WHAT THIS TASK INVOLVES - The task calls for the lines below from the line with "Traditional Madeleines coated" to the line with "Hyouka: What Should", both ends included, copied exactly, without any pictures.

DATA EXTRACT -
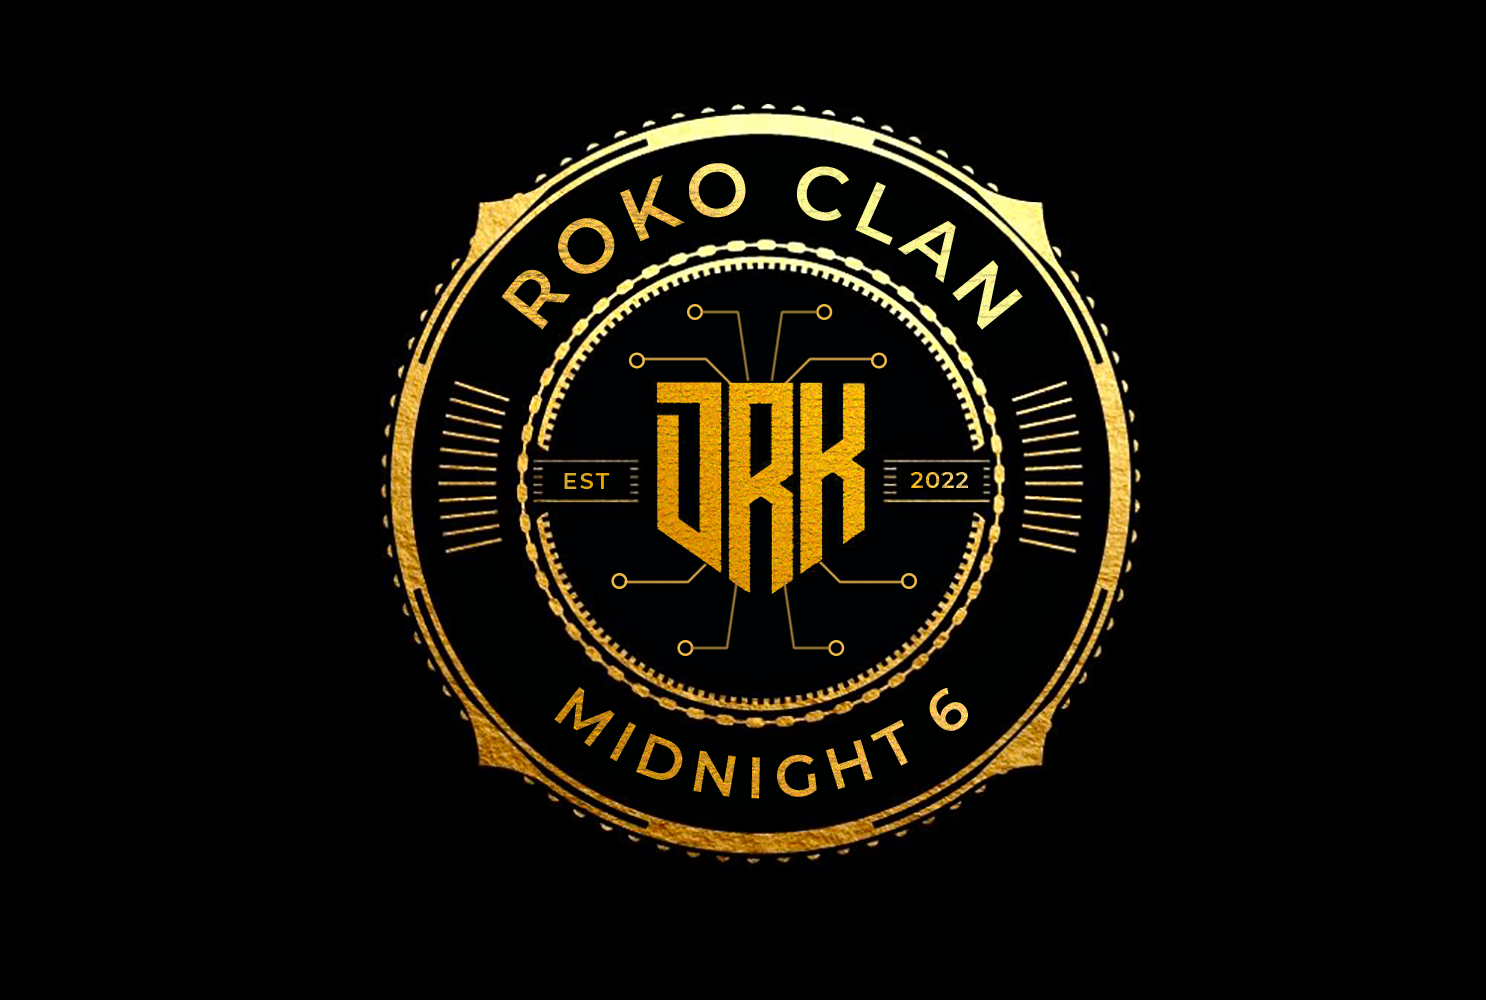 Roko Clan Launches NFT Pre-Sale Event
--
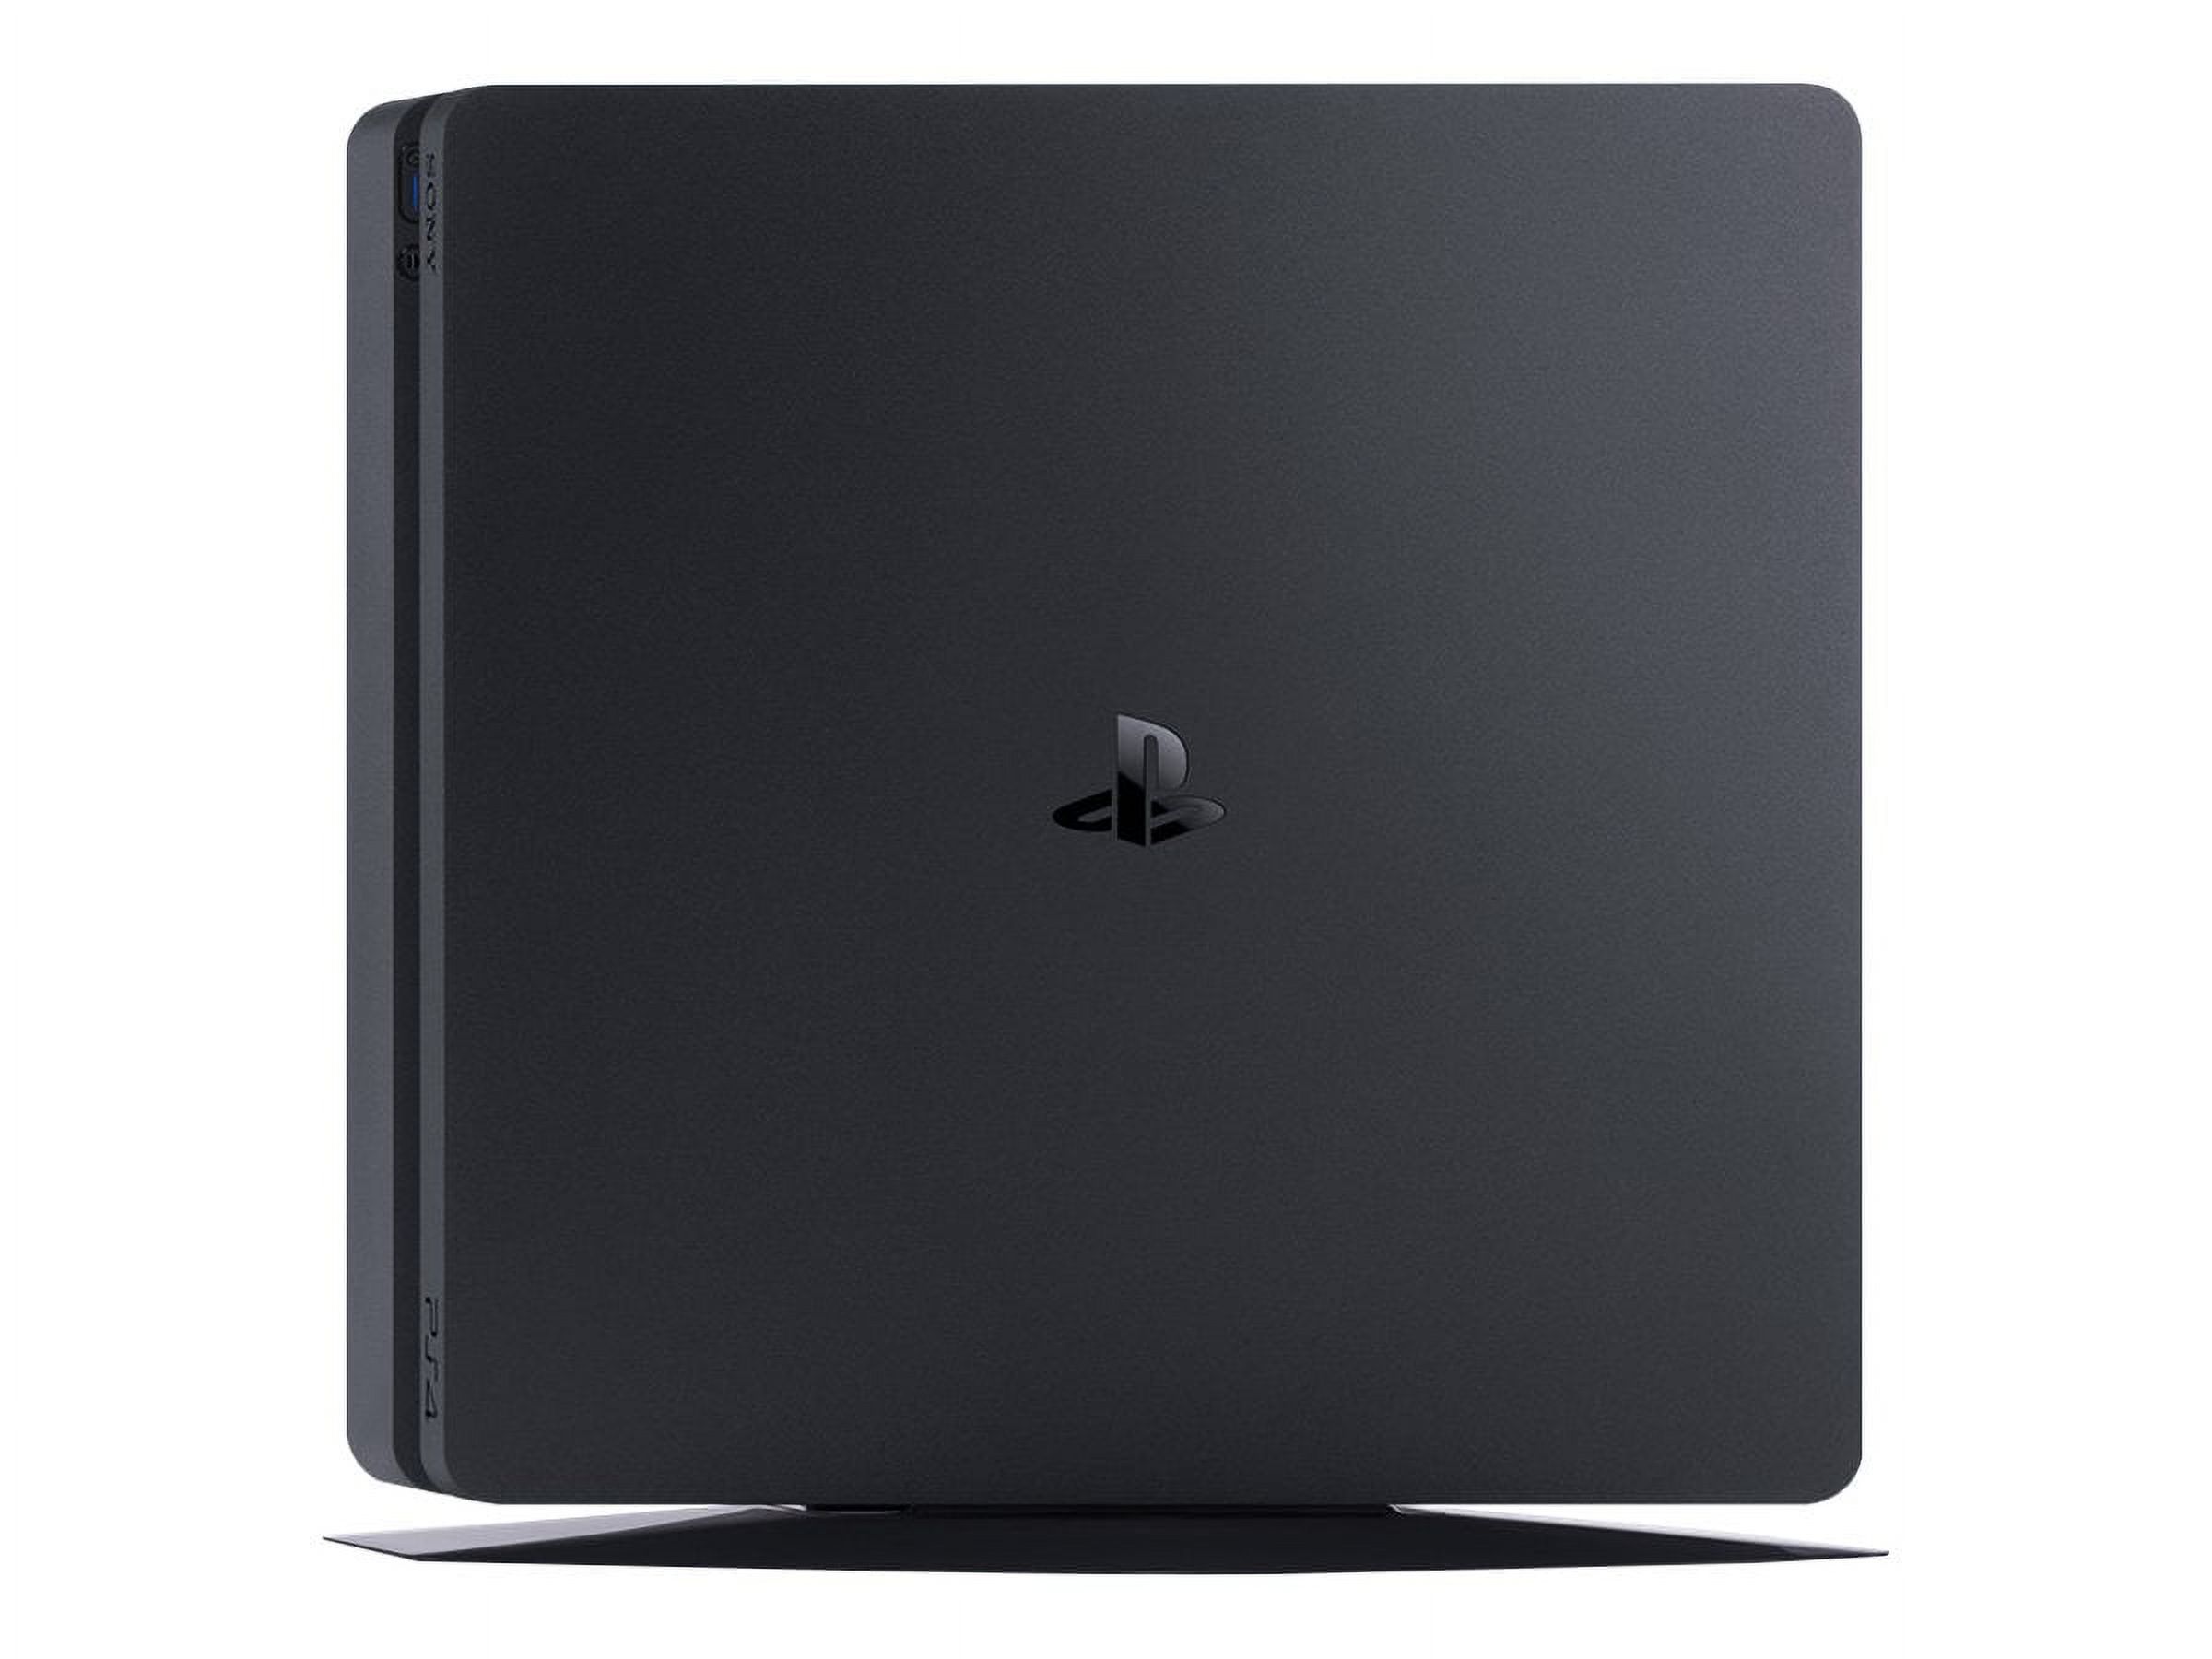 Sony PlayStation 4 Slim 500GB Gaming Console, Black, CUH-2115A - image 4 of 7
---
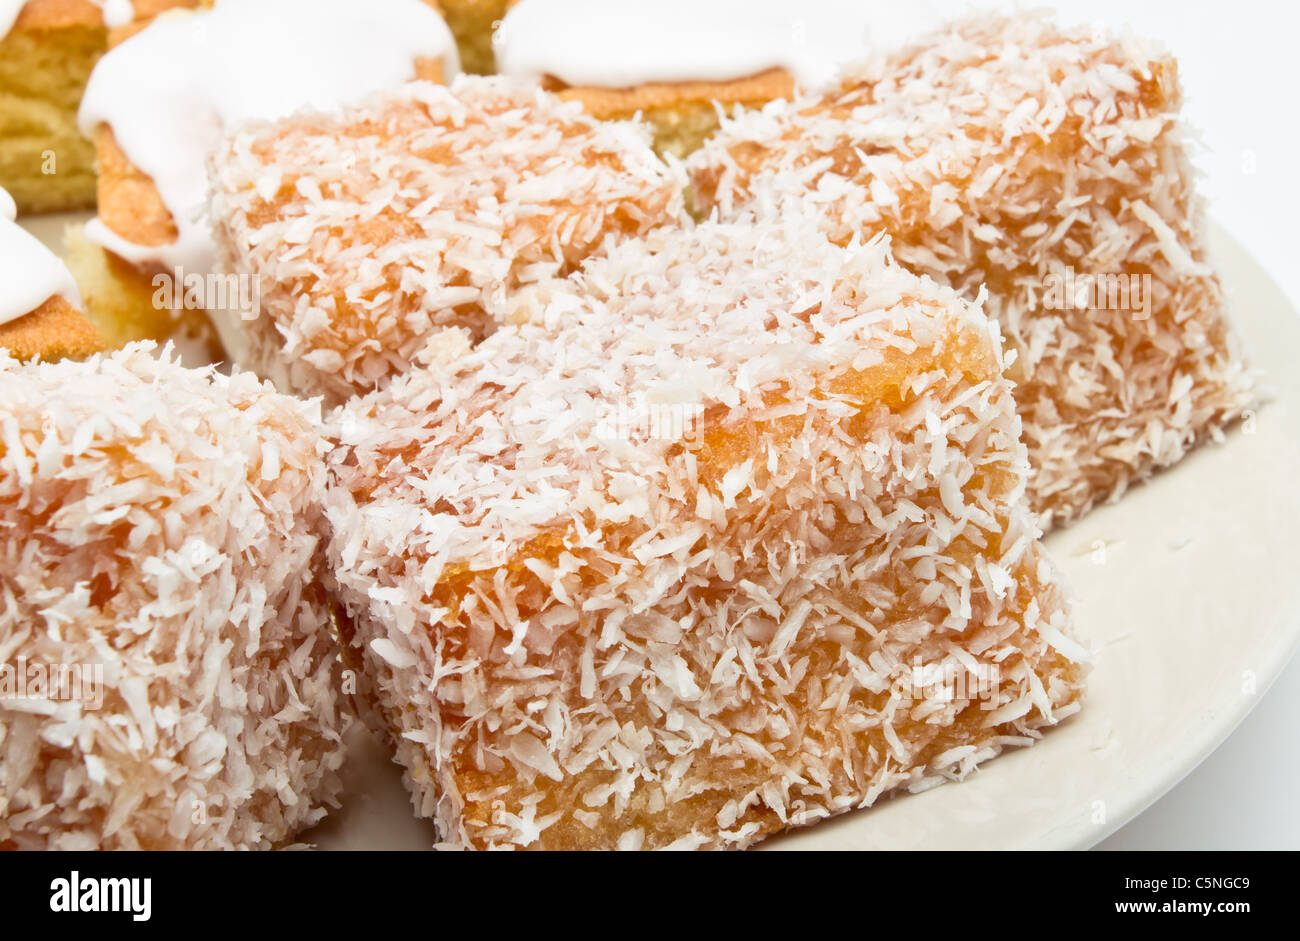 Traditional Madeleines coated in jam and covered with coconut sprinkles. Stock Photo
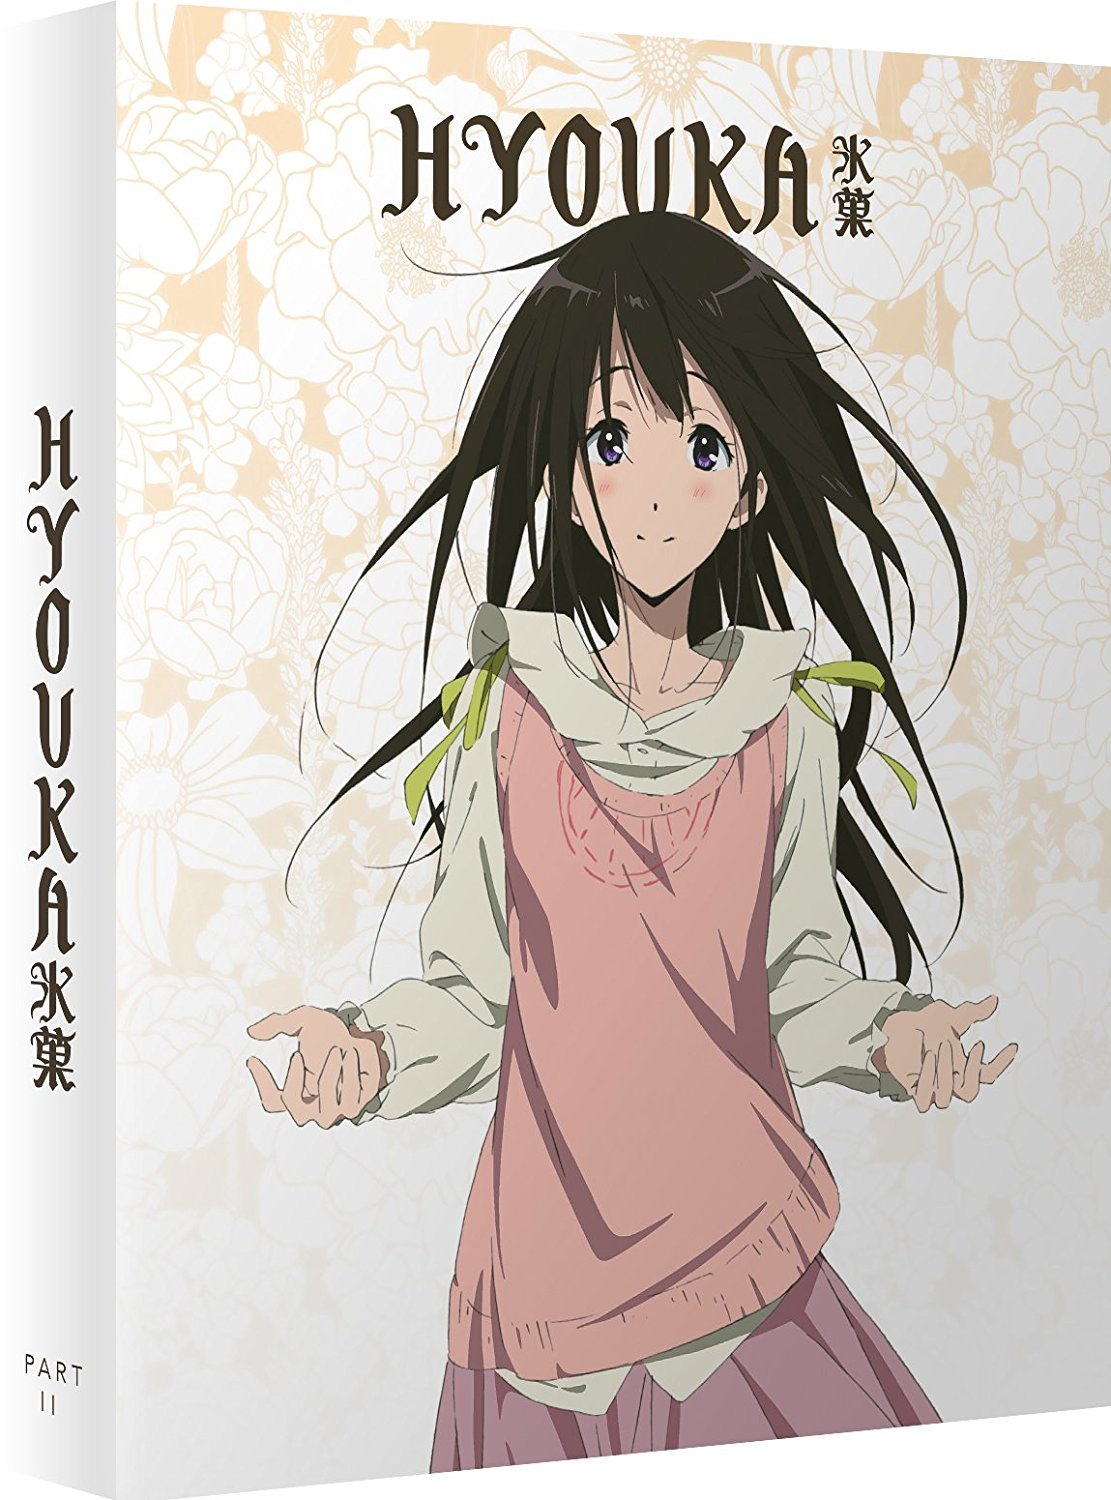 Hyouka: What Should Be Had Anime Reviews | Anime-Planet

PROBLEM SOLUTION -
 Traditional Madeleines coated in jam and covered with coconut sprinkles. Stock Photo
 Hyouka: What Should Be Had Anime Reviews | Anime-Planet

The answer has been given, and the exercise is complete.